Fox starred in disbelief. He was so small. She hadn’t meant to do that–she had just been rotating her pieces to keep them fresh–she hadn’t thought–hadn’t remembered–he swung at a much larger opponent–his sword swatted away–he fell–a blade crashed through his small chest. His father pulled him back. Tara jumped over them to stab the attacker in the kidney.

Two figures fell.

“NO!” Fox screamed. She tried to scoop her brother off the battle-field but an invisible shield blocked her hand. “NO!” She punched the shield. It didn’t give. “WHY NOW?” Little Tara dragged her brother’s body into the medical tent.

He didn’t return for the next round.

Fox collapsed into a fit of sobbing. Six hours and she had still lost him. Her soul ached. “No,” she sniffed. “No, why, no!” 

Six hours.

She was drained.

What more could she do?

She looked up at her table–two opponents left. If she had just sacrificed her pieces like Amarisa. If she had taken any risk, the game would be over. She would have won. But she hadn’t, and if felt now like the fog she constantly breathed was a part of her. Like she had never been anywhere else.

Soldiers died every day.

She could change the world if she got this position. She remembered that fire in her, before she had given away her family dog, the want to do good.

What would she need to sacrifice if she joined the government?

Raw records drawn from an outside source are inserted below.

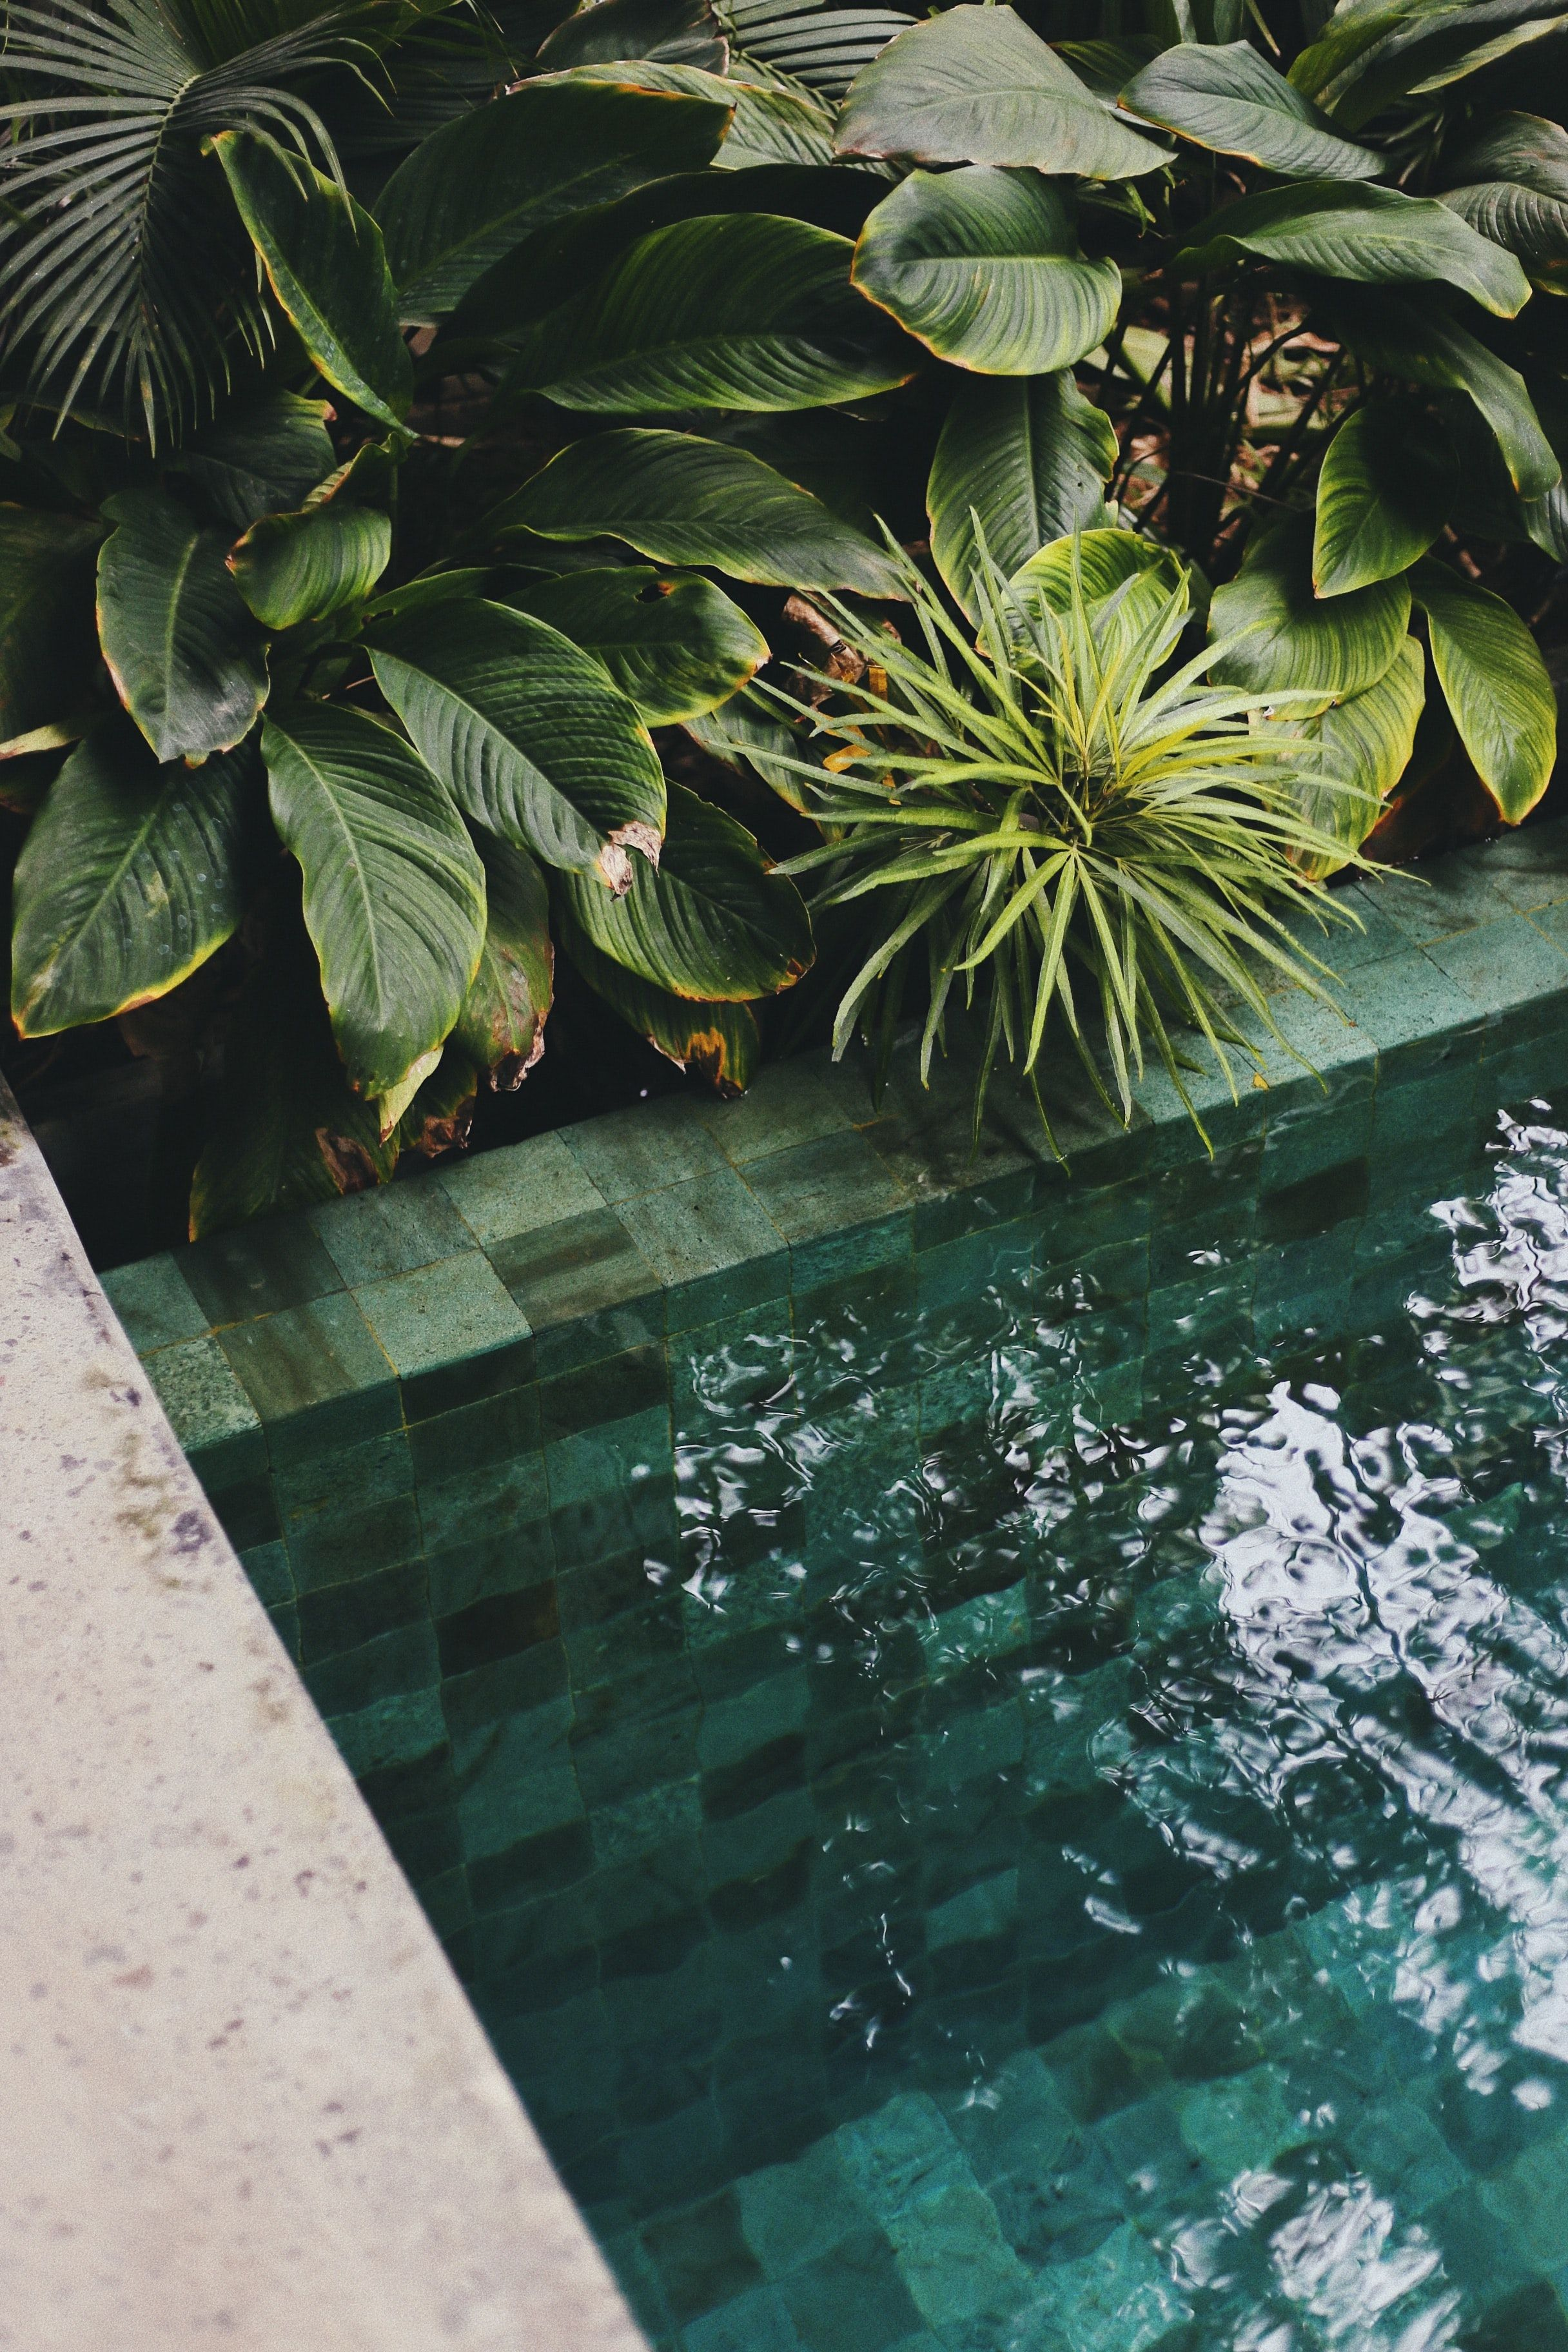 greenleafed plant (с изображениями) Растения, Бали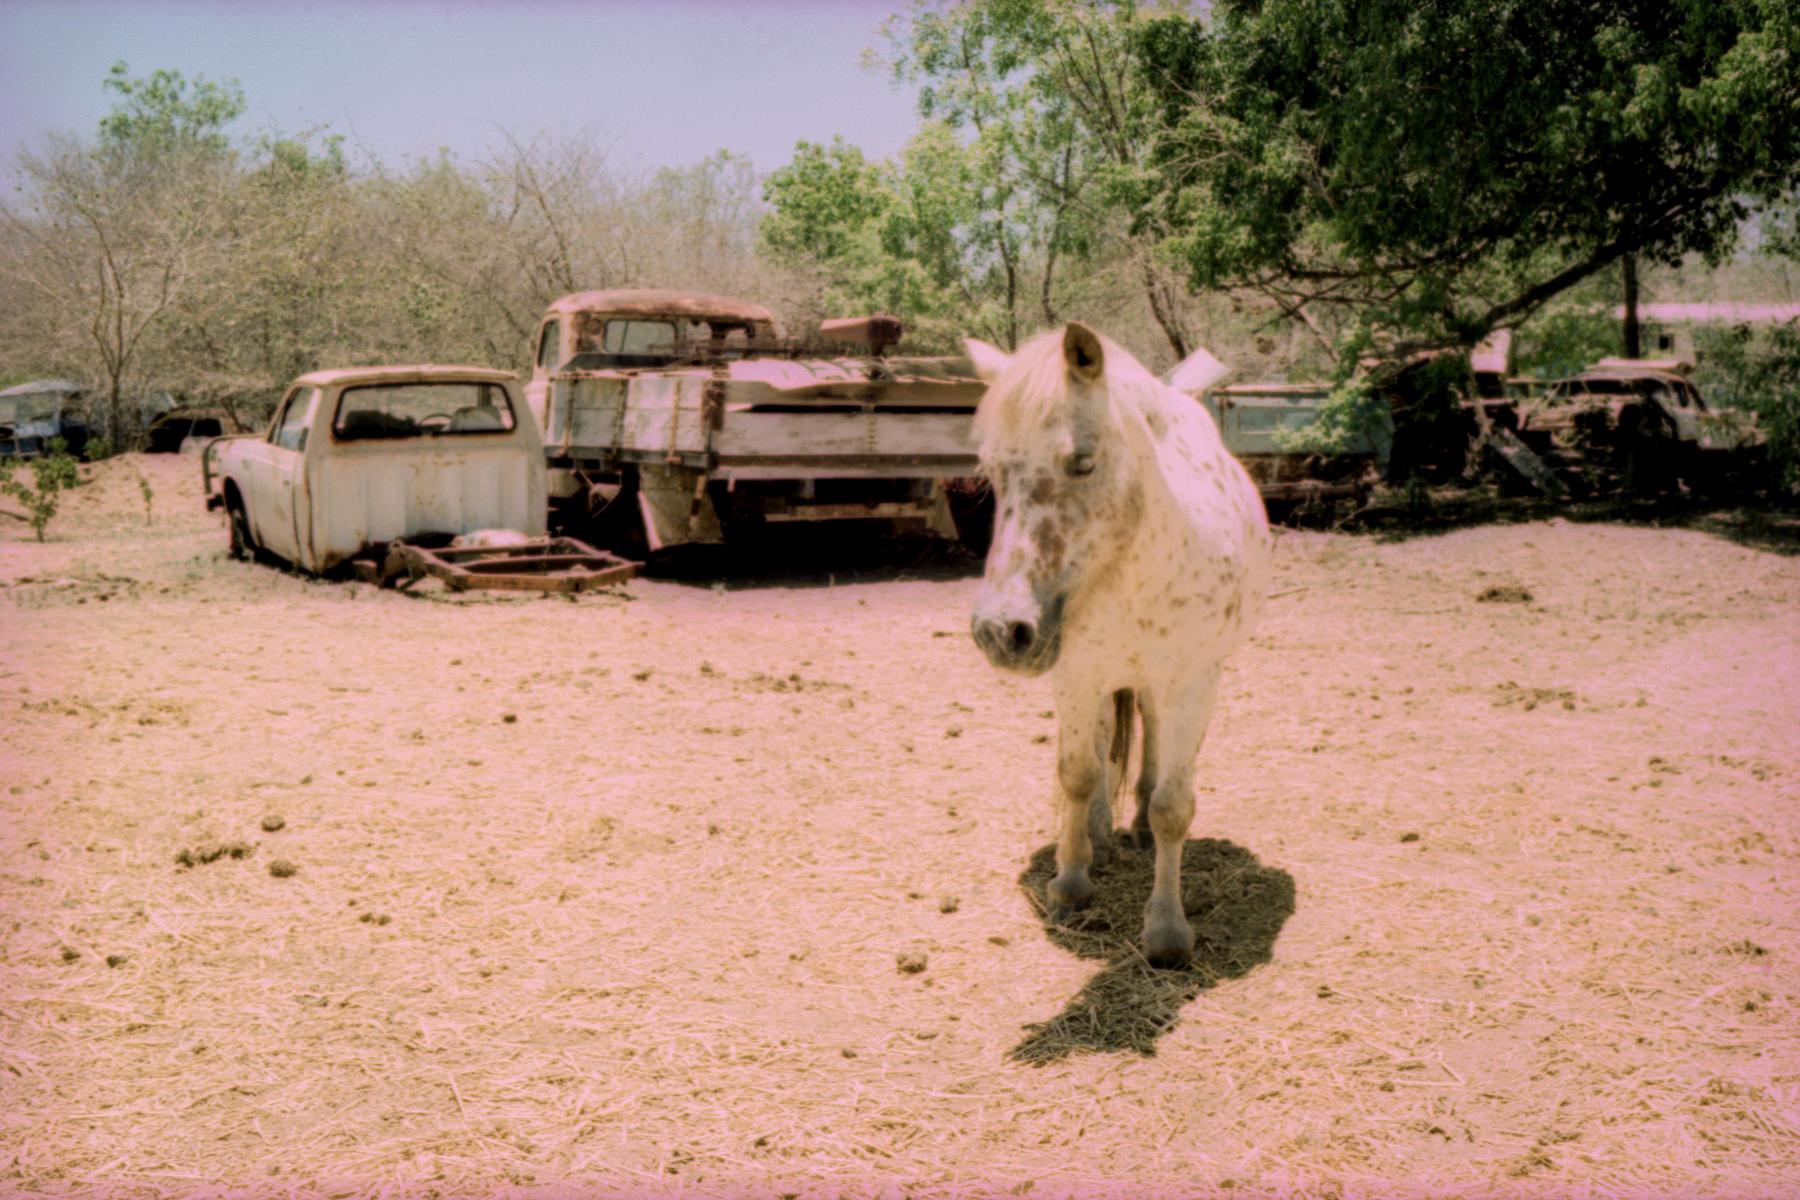 Junkyard Pony | Leica M3 | E100 in C41 | Greg Williamson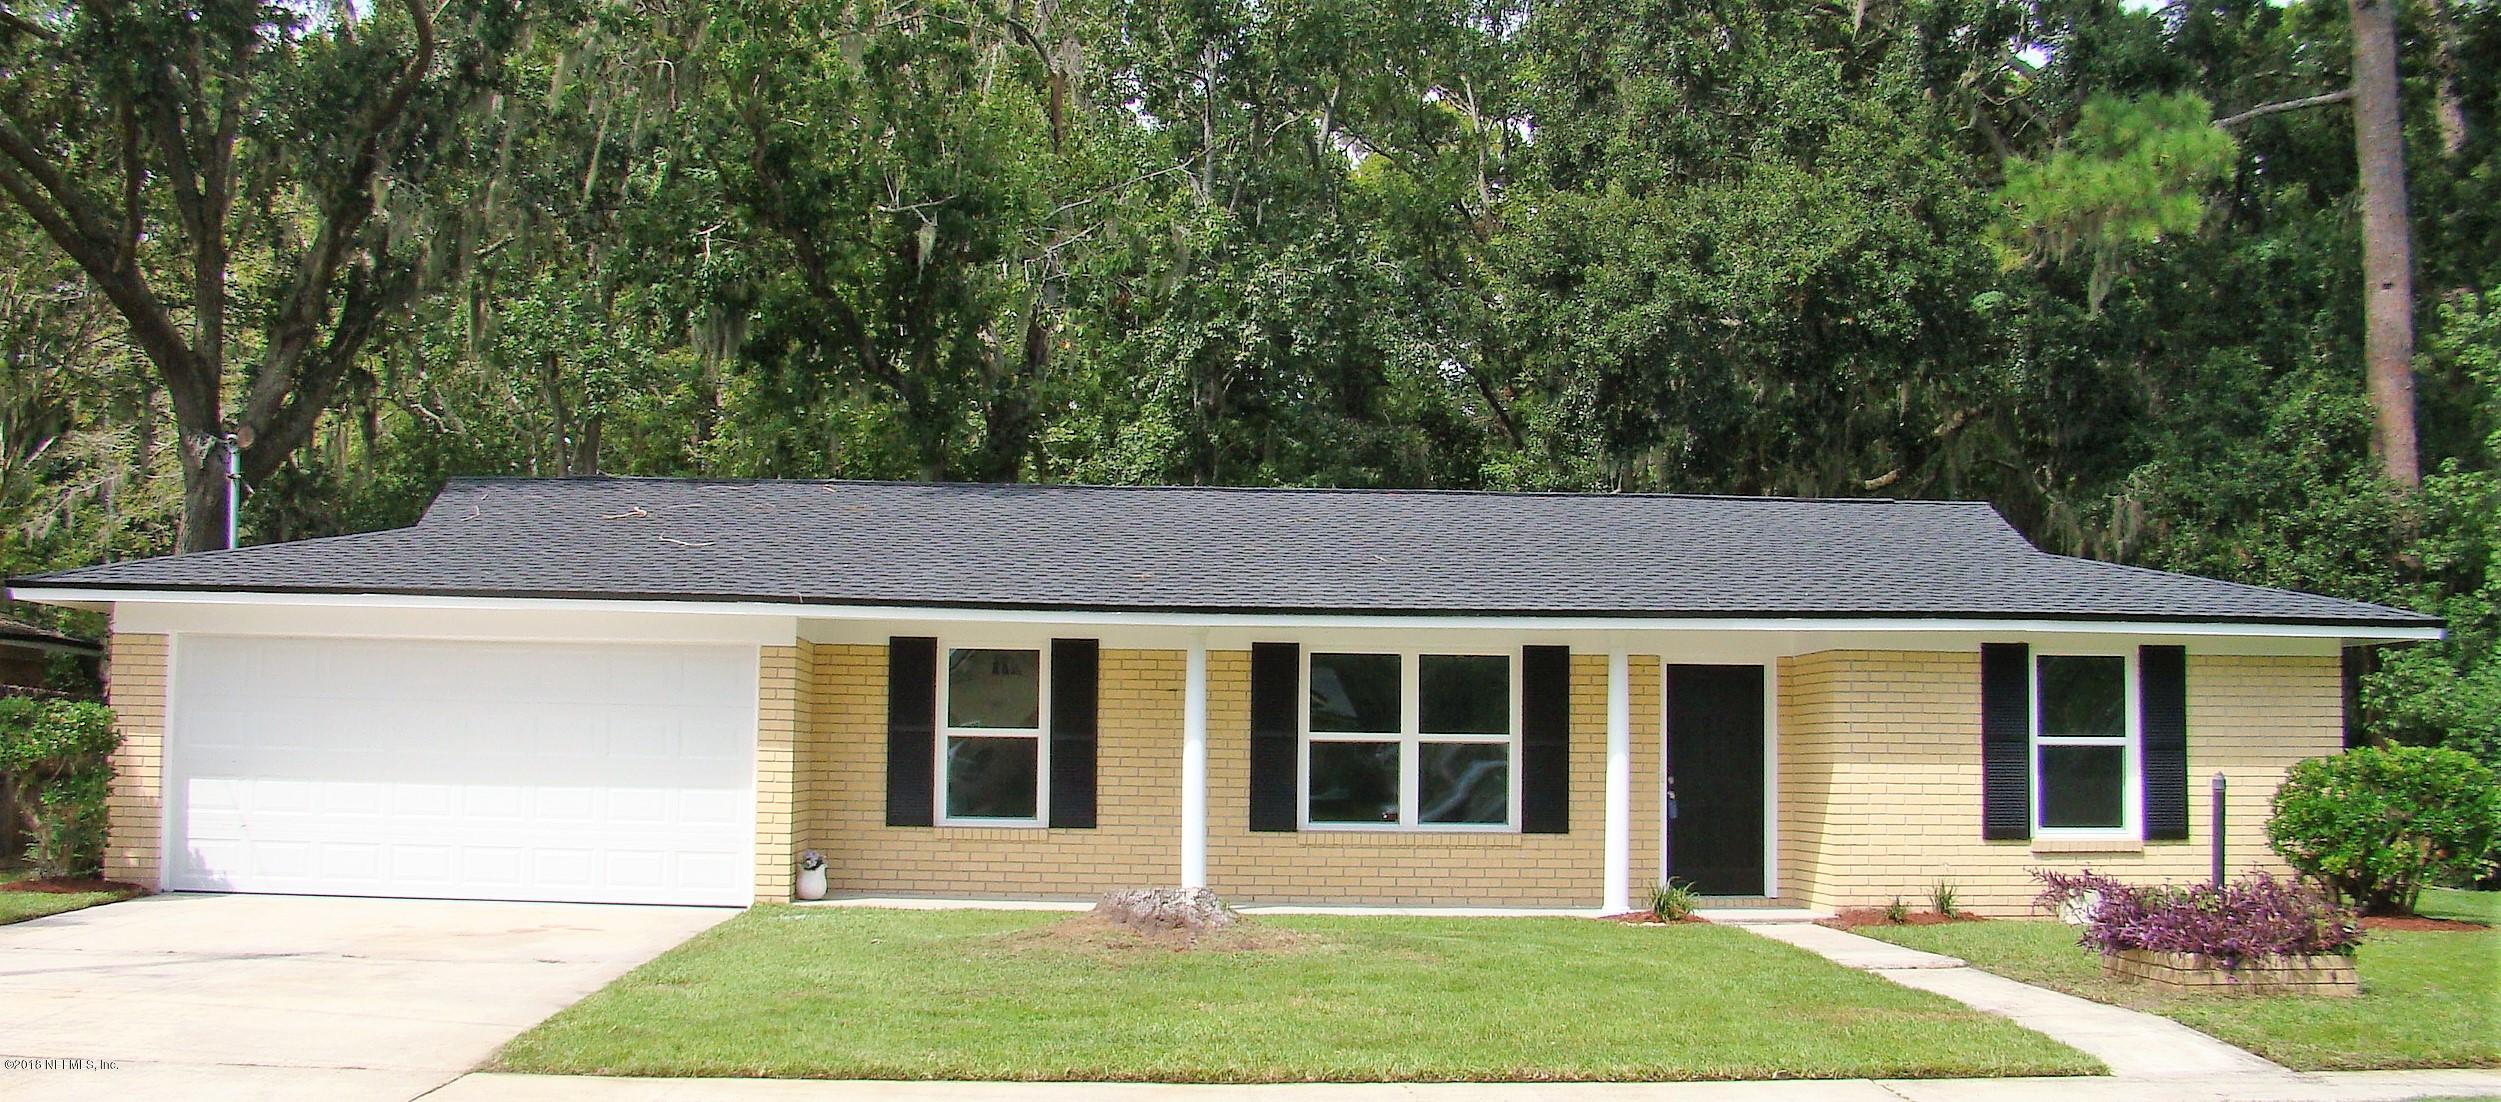 1270 ARBOR, ORANGE PARK, FLORIDA 32073, 3 Bedrooms Bedrooms, ,2 BathroomsBathrooms,Residential - single family,For sale,ARBOR,957407

She sniffed. Too late now. Too much already gone. Amarisa might have been right–maybe sacrificing your soldiers was the most painless way to win a war. Fox’s soldiers had grown gaunt and weak. They would be suffering. Did it even matter if she wanted to save them, do the best for them, if she killed half of them anyways? So much work just to save one…

She instructed her pieces forward. They would win this final battle. 

They did win. The Tara piece was stabbed, but she seemed to be doing well enough to survive.

Fox sniffed as the room vanished from around her.

Her feet appeared, bruised toes and little, lowering slowly from the fog. Amarisa dropped beside her. They fell to a blackened cave floor. Fox sighed, wiped her face with the back of her hand, but the ink had stained her cheeks grey. Amarisa tilted her head. “I thought only one won?”

“I–”

“I won first,” Amarisa said. “So I should win.”

“We both won,” Fox whispered, looking at her hand. No mark.

You killed eleven people. She only heard her heart. Only saw her ink-stained hands. Her brother– 

“I…won–?”

“Good for you,” Amarisa scoffed before she strode to the exit. “Maybe it really is broken…” Her steps were so sure, a quick echo in the cave. Fox followed.  

She would never see her brother and mother again. They didn’t die, she learned, but she did lose them. Her brother became a beet farmer across the world, wanting to get away from their government. Her mother left her father and lived with some tribe. Fox moved on to take a high position in leadership and worked day and night to save the people, save them like she had in the ritual, but it drained her very soul and every loss felt like being stabbed in the gut.

She always wondered if Amarisa had made the right choice. 

To sacrifice.

But how could she know? Even if she was intentional every second of every day, she could fail eventually, because she knew nothing. One day magic could spring up and overtake the world. 

She had no idea, and she could never prepare for all of it.